Please keep me informed to your results.
Shawn Green
Database Administrator
Unimin Corporation - Spruce Pine
"Januski, Ken" wrote on 08/18/2005 06:20:47 PM:
> Aha! I wasn't quite sure why the sample code that you sent used error_id
> when it was the ips I was concerned with. Once I changed error_id to
> error_ip it worked just fine.
>
> I think this has solved the problem and been a great learning experience
to
> boot.
>
> Thanks again,
>
> Ken
>
>
> -----Original Message-----
> From: Januski, Ken [mailto:kjanuski@phillynews.com]
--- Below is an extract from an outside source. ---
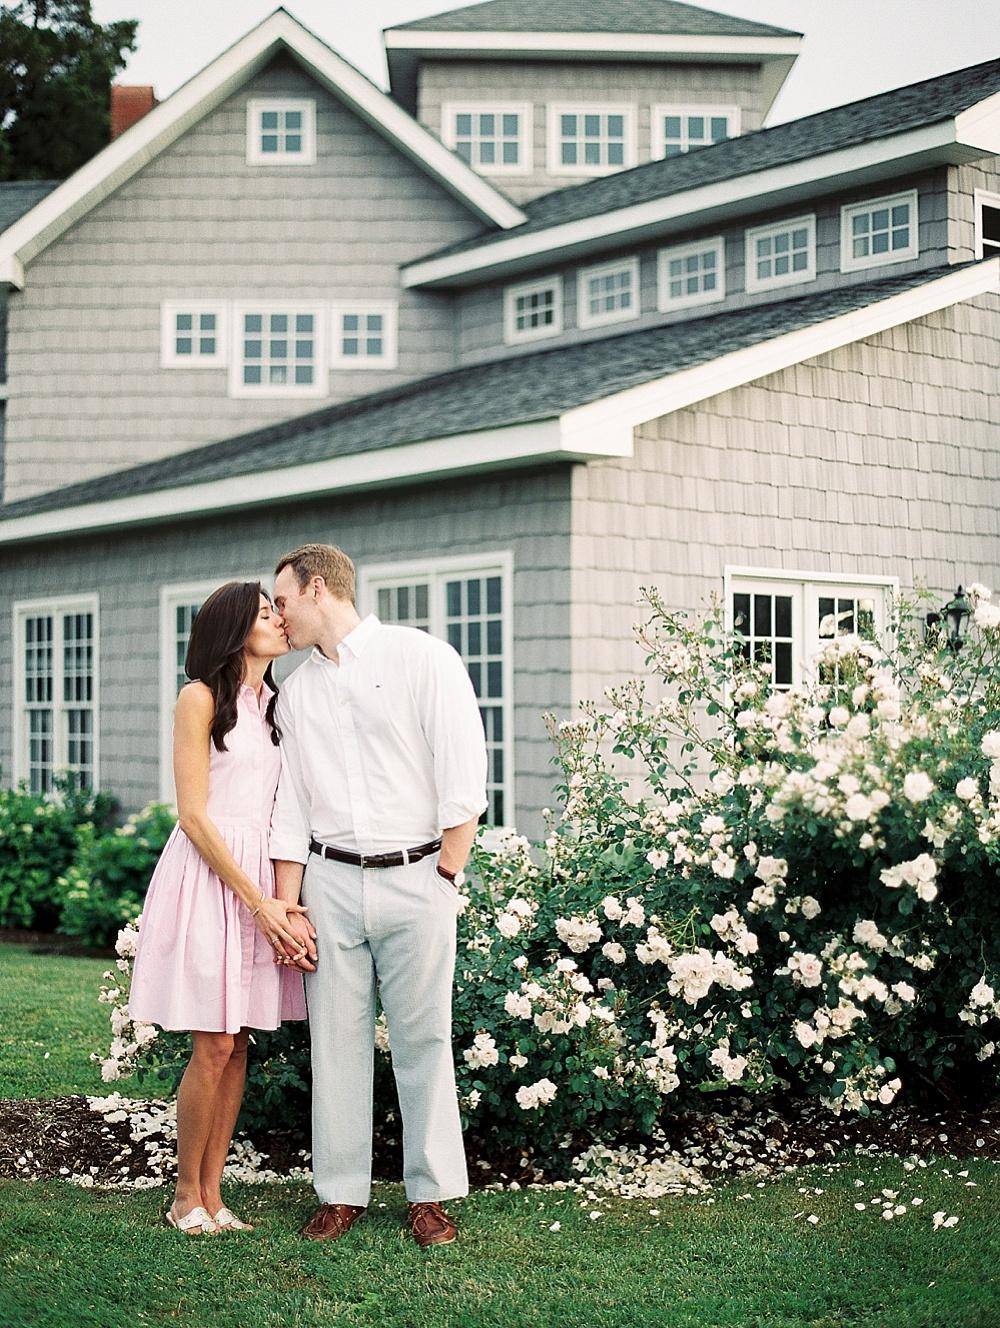 annapolis-maryland-engagement-wedding-photographer-portrait-film-photo0161.jpg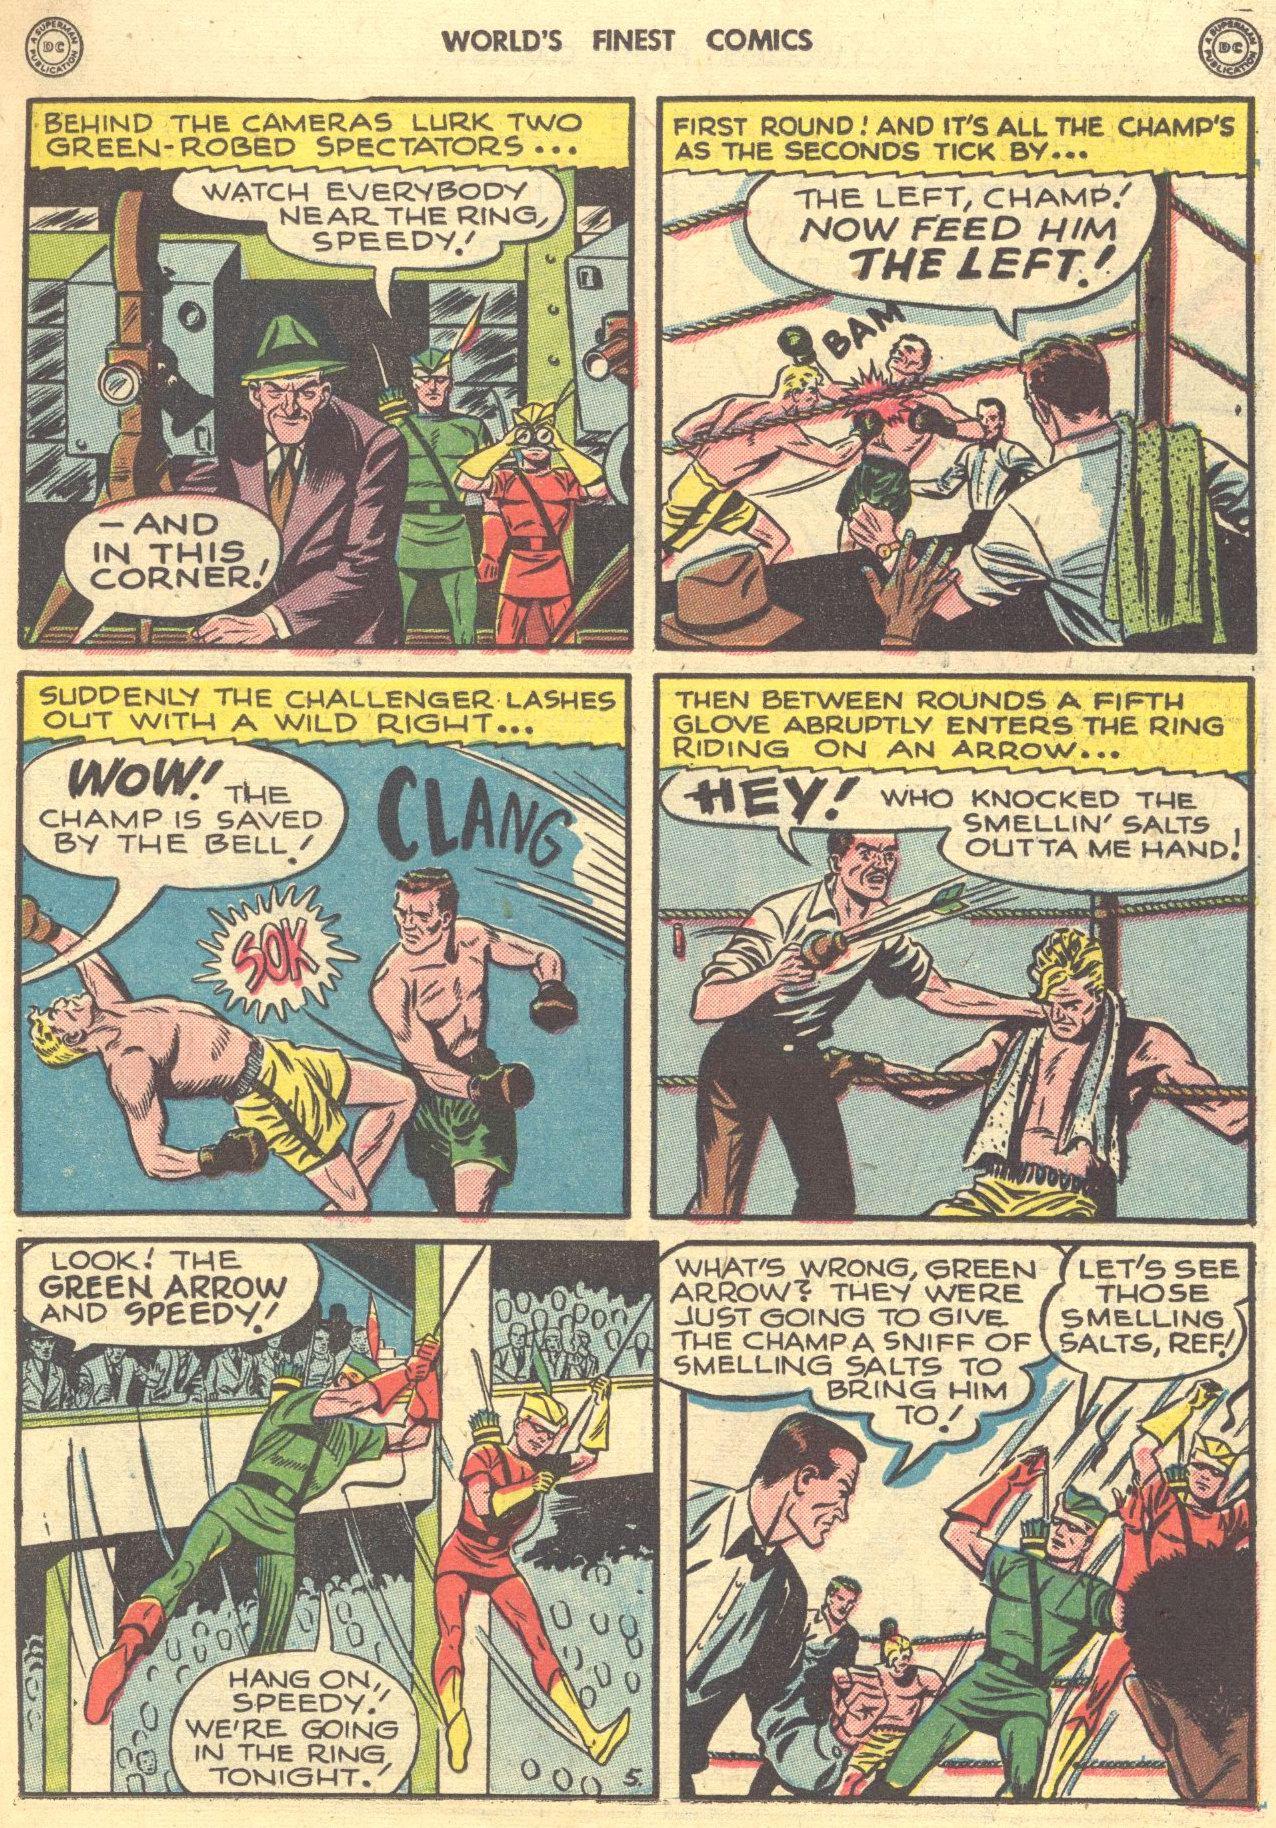 Read online World's Finest Comics comic -  Issue #28 - 20

> Sent: Thursday, August 18, 2005 6:09 PM
> To: SGreen@unimin.com
> Cc: win32@lists.mysql.com
> Subject: RE: Confused query question
>
>
> Shawn,
>
> This worked, sort of. There were 117 entries in the errors table but only
50
> rows returned at the end of the query that you suggested. But this has
been
> a great help in getting me started. I'll see if I can figure out the
> discrepancy and if not I'll get back to you.
>
> Thanks again,
>
> Ken
>
> -----Original Message-----
> From: SGreen@unimin.com [mailto:SGreen@unimin.com]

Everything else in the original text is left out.